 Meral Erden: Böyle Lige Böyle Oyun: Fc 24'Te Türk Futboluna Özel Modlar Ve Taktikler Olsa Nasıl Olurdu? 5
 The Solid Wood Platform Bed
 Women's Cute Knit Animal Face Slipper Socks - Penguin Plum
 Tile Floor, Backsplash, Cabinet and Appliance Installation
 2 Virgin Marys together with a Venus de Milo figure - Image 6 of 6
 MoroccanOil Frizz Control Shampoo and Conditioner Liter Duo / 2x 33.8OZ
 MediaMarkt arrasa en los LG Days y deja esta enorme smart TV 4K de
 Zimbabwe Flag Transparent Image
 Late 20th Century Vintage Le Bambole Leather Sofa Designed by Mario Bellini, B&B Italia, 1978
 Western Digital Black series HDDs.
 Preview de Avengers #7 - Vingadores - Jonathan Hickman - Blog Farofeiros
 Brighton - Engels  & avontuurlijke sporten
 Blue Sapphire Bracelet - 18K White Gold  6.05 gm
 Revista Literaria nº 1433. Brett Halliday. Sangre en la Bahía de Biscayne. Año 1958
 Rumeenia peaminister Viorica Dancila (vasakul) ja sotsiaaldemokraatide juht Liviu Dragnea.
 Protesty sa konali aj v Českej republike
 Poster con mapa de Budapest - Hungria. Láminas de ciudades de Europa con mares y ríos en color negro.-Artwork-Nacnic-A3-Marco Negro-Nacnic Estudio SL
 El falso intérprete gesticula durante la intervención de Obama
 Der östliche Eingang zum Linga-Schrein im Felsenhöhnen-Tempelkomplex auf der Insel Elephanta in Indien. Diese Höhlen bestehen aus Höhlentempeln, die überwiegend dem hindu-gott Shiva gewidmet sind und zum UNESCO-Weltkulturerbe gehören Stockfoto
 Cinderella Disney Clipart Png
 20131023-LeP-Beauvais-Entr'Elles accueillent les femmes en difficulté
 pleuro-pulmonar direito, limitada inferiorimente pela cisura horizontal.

◆ ◆ ◆

• **Aim of the task**: The whole of the data above must be given again, unaltered and complete.

• **Task output**:
 Meral Erden: Böyle Lige Böyle Oyun: Fc 24'Te Türk Futboluna Özel Modlar Ve Taktikler Olsa Nasıl Olurdu? 5
 The Solid Wood Platform Bed
 Women's Cute Knit Animal Face Slipper Socks - Penguin Plum
 Tile Floor, Backsplash, Cabinet and Appliance Installation
 2 Virgin Marys together with a Venus de Milo figure - Image 6 of 6
 MoroccanOil Frizz Control Shampoo and Conditioner Liter Duo / 2x 33.8OZ
 MediaMarkt arrasa en los LG Days y deja esta enorme smart TV 4K de
 Zimbabwe Flag Transparent Image
 Late 20th Century Vintage Le Bambole Leather Sofa Designed by Mario Bellini, B&B Italia, 1978
 Western Digital Black series HDDs.
 Preview de Avengers #7 - Vingadores - Jonathan Hickman - Blog Farofeiros
 Brighton - Engels  & avontuurlijke sporten
 Blue Sapphire Bracelet - 18K White Gold  6.05 gm
 Revista Literaria nº 1433. Brett Halliday. Sangre en la Bahía de Biscayne. Año 1958
 Rumeenia peaminister Viorica Dancila (vasakul) ja sotsiaaldemokraatide juht Liviu Dragnea.
 Protesty sa konali aj v Českej republike
 Poster con mapa de Budapest - Hungria. Láminas de ciudades de Europa con mares y ríos en color negro.-Artwork-Nacnic-A3-Marco Negro-Nacnic Estudio SL
 El falso intérprete gesticula durante la intervención de Obama
 Der östliche Eingang zum Linga-Schrein im Felsenhöhnen-Tempelkomplex auf der Insel Elephanta in Indien. Diese Höhlen bestehen aus Höhlentempeln, die überwiegend dem hindu-gott Shiva gewidmet sind und zum UNESCO-Weltkulturerbe gehören Stockfoto
 Cinderella Disney Clipart Png
 20131023-LeP-Beauvais-Entr'Elles accueillent les femmes en difficulté
 pleuro-pulmonar direito, limitada inferiorimente pela cisura horizontal.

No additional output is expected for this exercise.